Atos Healthcare spokeswoman Tessa David said: “Our thoughts are with the family of Mr Wood at this difficult time.

“We carry out the Government’s Work Capability Assessment as professionally and compassionately as possible.”

DWP spokesman Ann Rimell said: “A decision on whether someone is well enough to work is taken following a thorough assessment and after consideration of all the supporting medical evidence from the claimant’s GP or medical specialist.”

DWP figures show that between October 2010 and March 2013, more than 1,000 people across Oxfordshire stopped receiving employment and support allowance benefits.

Suzy Drohan, joint manager of Barton's Oxfordshire Welfare Rights, said: “It is terrible, I’m really concerned about how Mr Wood has fallen through the cracks.”

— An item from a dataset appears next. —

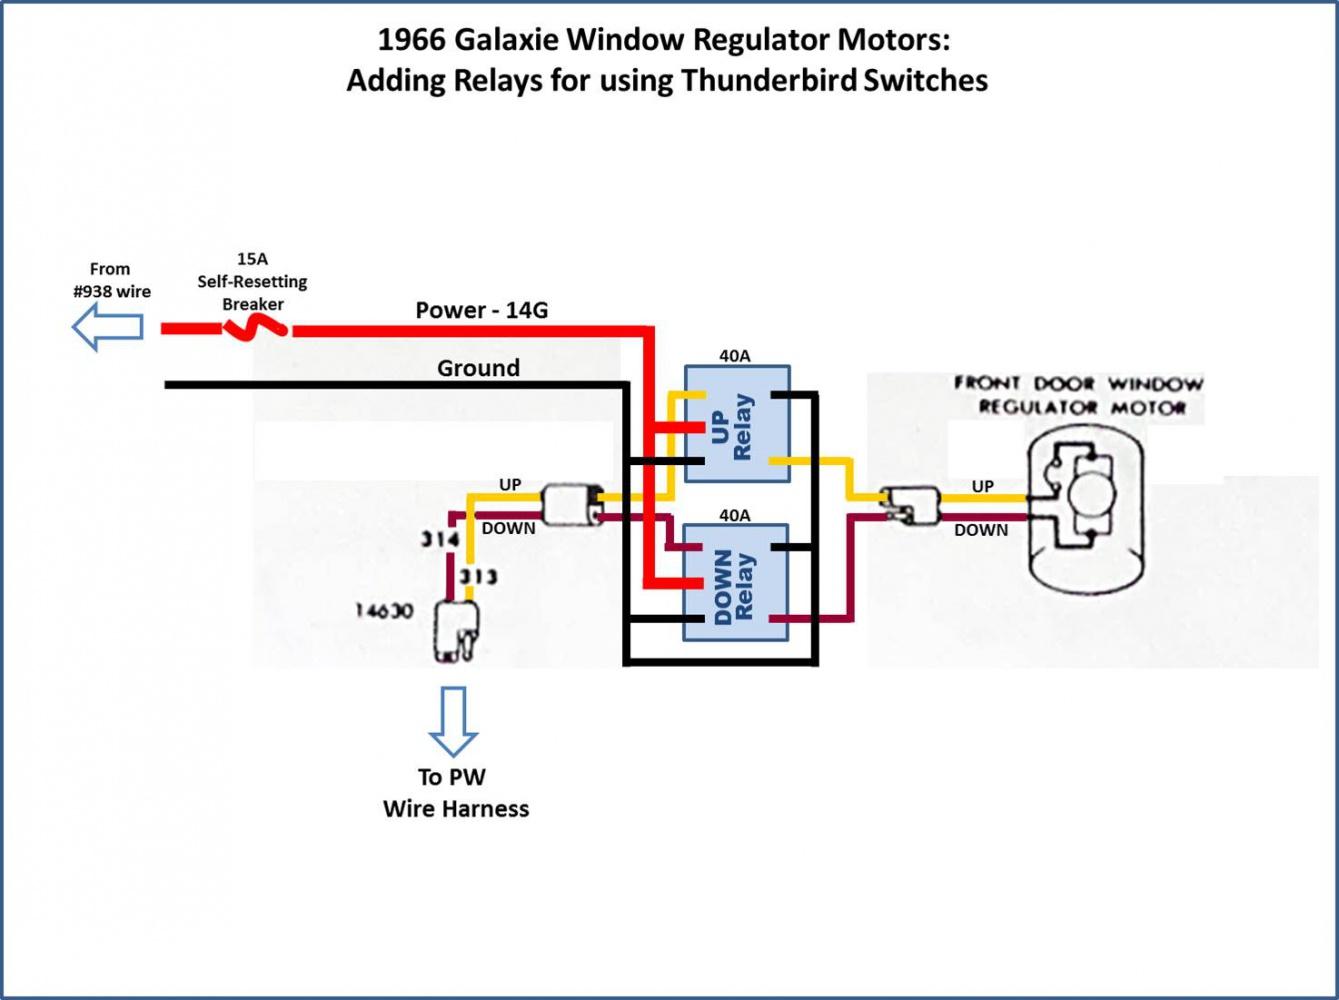 1962 Corvette Wiring Diagram Power Window Conversion 1966 Thunderbird Switches In

Between January 2012 and January this year Oxfordshire Welfare Rights took 312 cases to tribunal appeals against DWP decisions, and 281 were successful.

What ATOS does

  • Atos undertakes benefits assessments for the Department for Work and Pensions (DWP) called work capability assessments – most people are re-assessed once a year. The DWP then makes a decision based on Atos recommendations.
  • Over the last few weeks protests have been held outside more than 100 Atos centres including its Oxford offices in St Aldate’s.
  • Last week Atos revealed it wanted to quit its £500m Government contract early because of threats made to its staff.
  • Yesterday, it was reported in several national newspapers that Atos staff have been told to leave all current employment and support allowance claimants on their benefit, without repeat medical checks, until another company can be found to do assessments.